The announcements come at a time when Virgin Galactic has delayed commercial service until the beginning of the quarter of 2023 because of problems with supply chain management and labor.

The month of February was when Virgin Galactic began selling commercial space flight tickets open to the public for $450,000 per seat. Customers must pay an initial $150,000 deposit in order to secure their seats. The deposit of around $25,000 will not be refunded.

Before the hike, it was a matter of $200,000 and $250,000 per flight. Virgin Galactic has approximately 800 reservations for commercial spaceflights.

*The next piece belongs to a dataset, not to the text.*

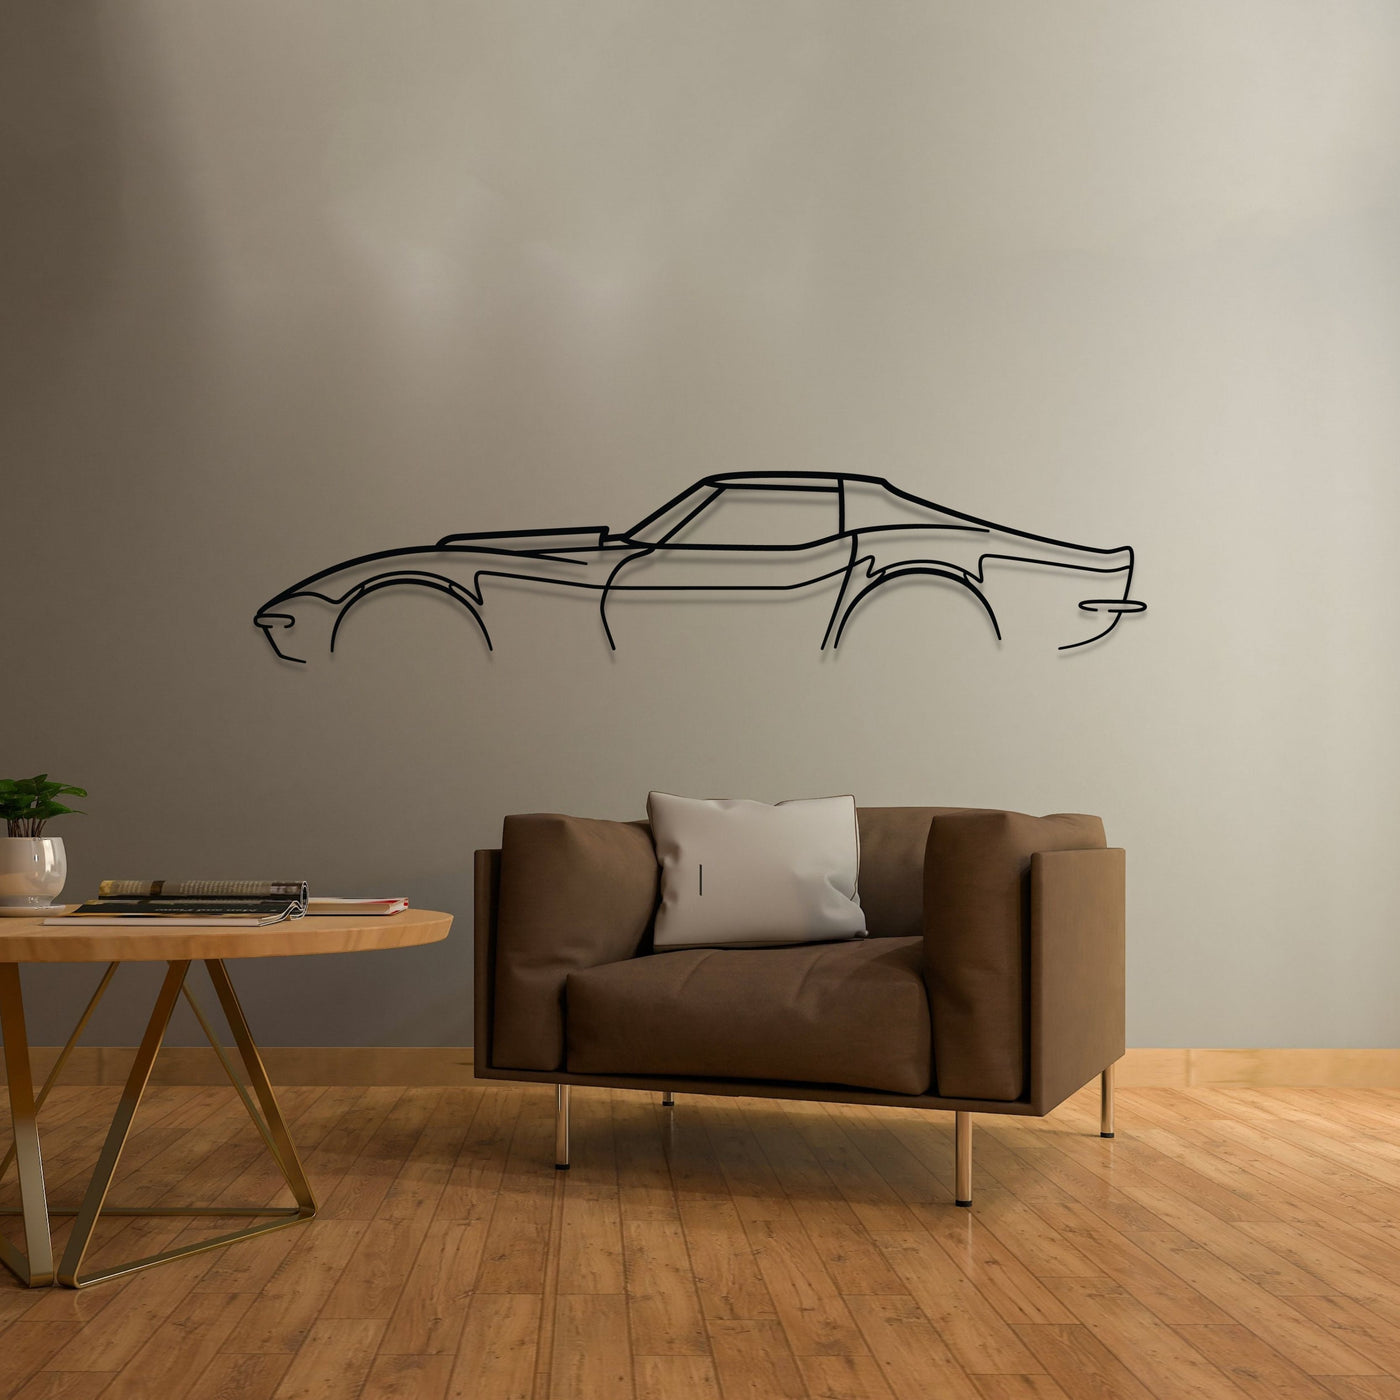 Corvette c3 L88 Classic Silhouette Metal Wall Art

The rocket plane that is carrying Virgin Galactic founder Richard Branson and crew members launch at Spaceport America near Truth or Consequences, New Mexico, Saturday, July 11 2021. ((AP Photo/Andres Leighton) / AP Newsroom)

Virgin Galactic CEO Michael Colglazier spoke to analysts on the company’s earnings call in the first quarter on May 1 that the firm has made “good progress” on enhancements to its VSS Unity spaceplane as well as its VMS Eve mothership. The upgrades are designed to allow higher frequency flights for commercial services.

A second test flight of VSS Unity is currently on schedule to take place in the 4th quarter of 2022. In the meantime, the second spacecraft, VSS Imagine, will begin its first test flight during the first quarter of 2023. It’s anticipated to start commercial service by mid-2023. When Unity and Imagine have both been flying commercial space flights, Virgin Galactic expects to fly into space three times per month.